I like that we're testing each opcode with each attribute combination for thoroughness, but I'd prefer to have that all in one file rather than split by opcode. Wouldn't it be easier to see the progression if the tests were ordered based on the attributes rather than opcode? Ie, if we're testing that an input is flushed to zero, then that denorm constant could be repeated N times in a row independently of the opcode.

Once we have the right set of tests in place, you can pre-commit them with baseline CHECK lines, and then it will be easier to see how this patch changes functionality (and we can add test comments to explain more if needed).

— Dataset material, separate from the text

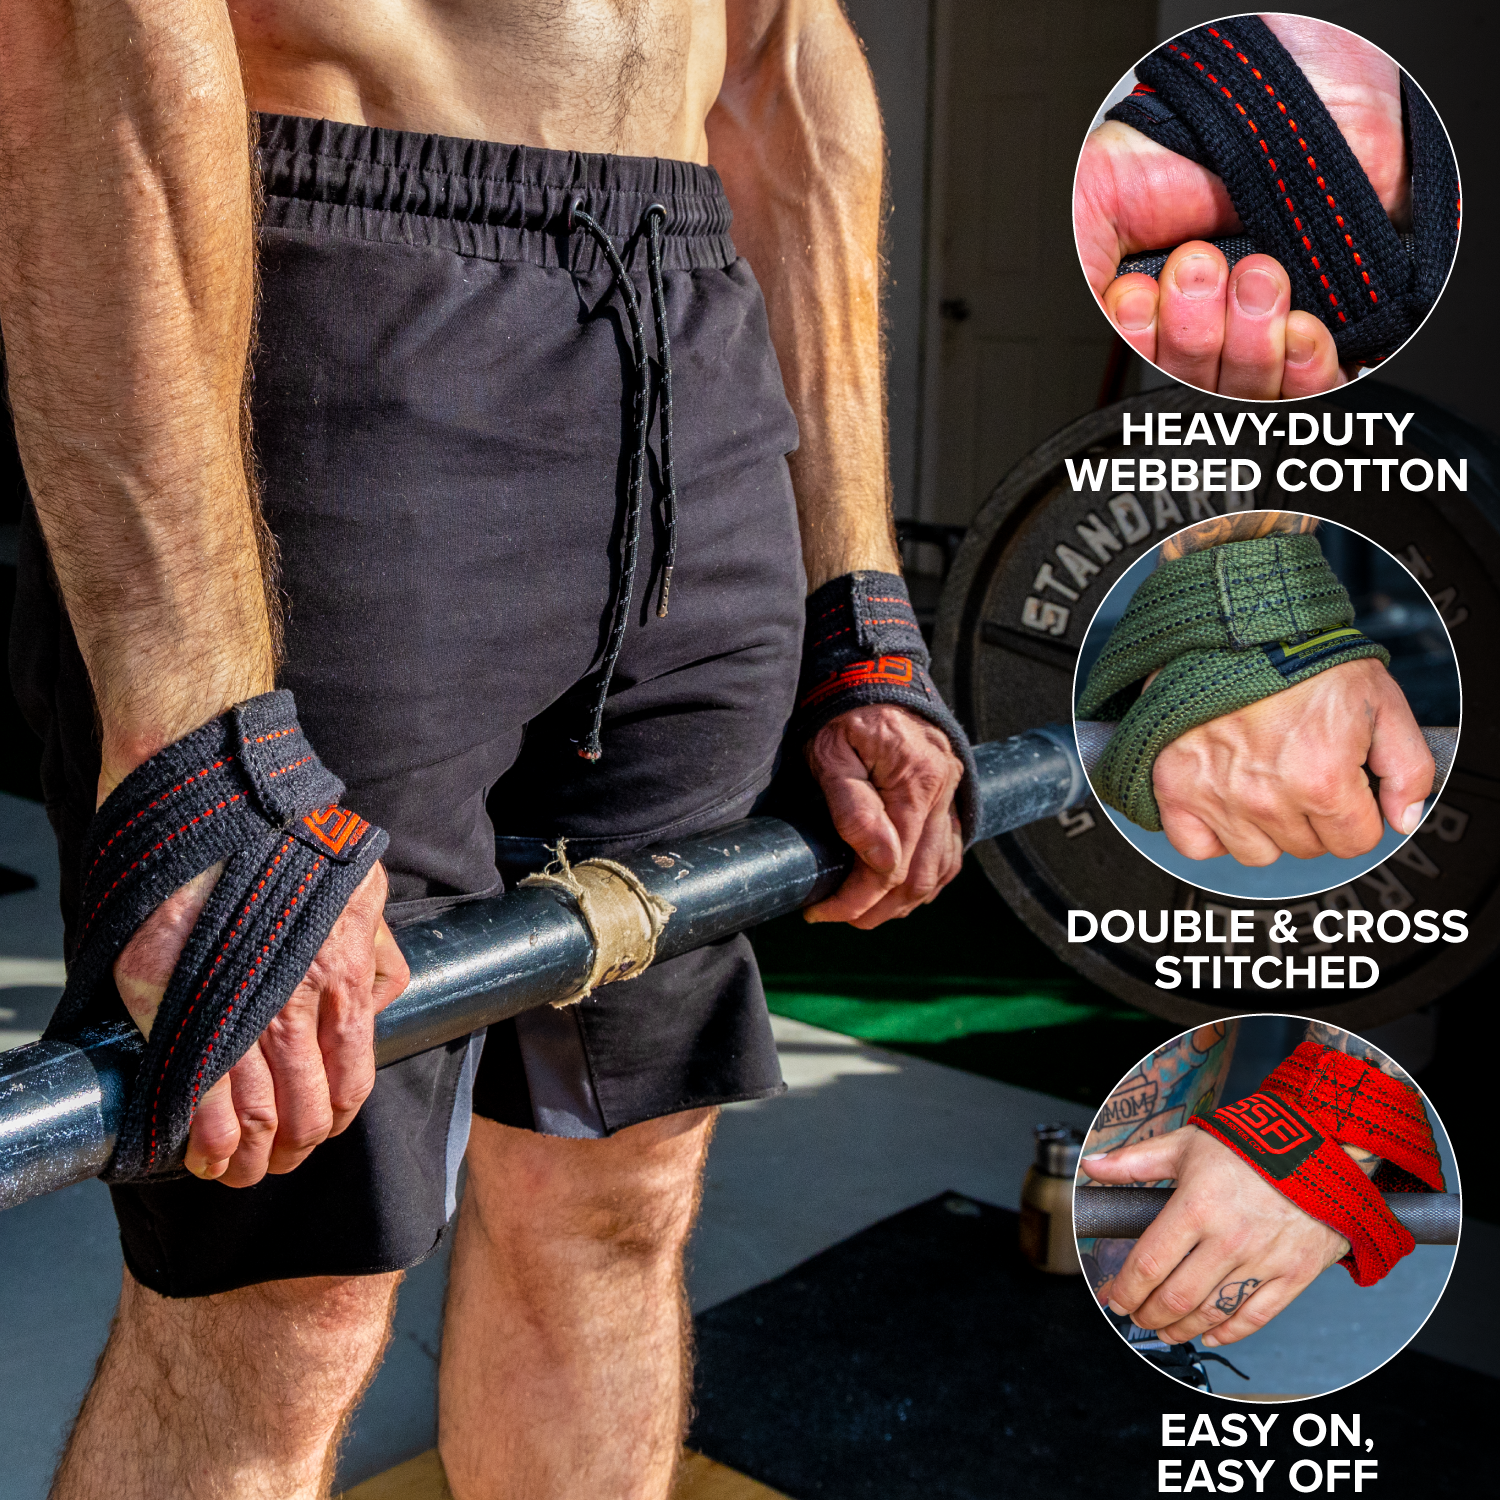 How to Use Lifting Straps for 4 Different Exercises - Steel

Sorry, the instcombine tests are from the previous version and shouldn't have been included in the diff.

Originally I put the tests in ARM/AArch64 because those seemed the relevant ones where you'd expect to see the attributes with all the different modes, but you're right; having the tests in both is redundant, and no target is needed at all really when the test is specifying the attributes. So I will combine the opcodes into one file, and can move them down a folder.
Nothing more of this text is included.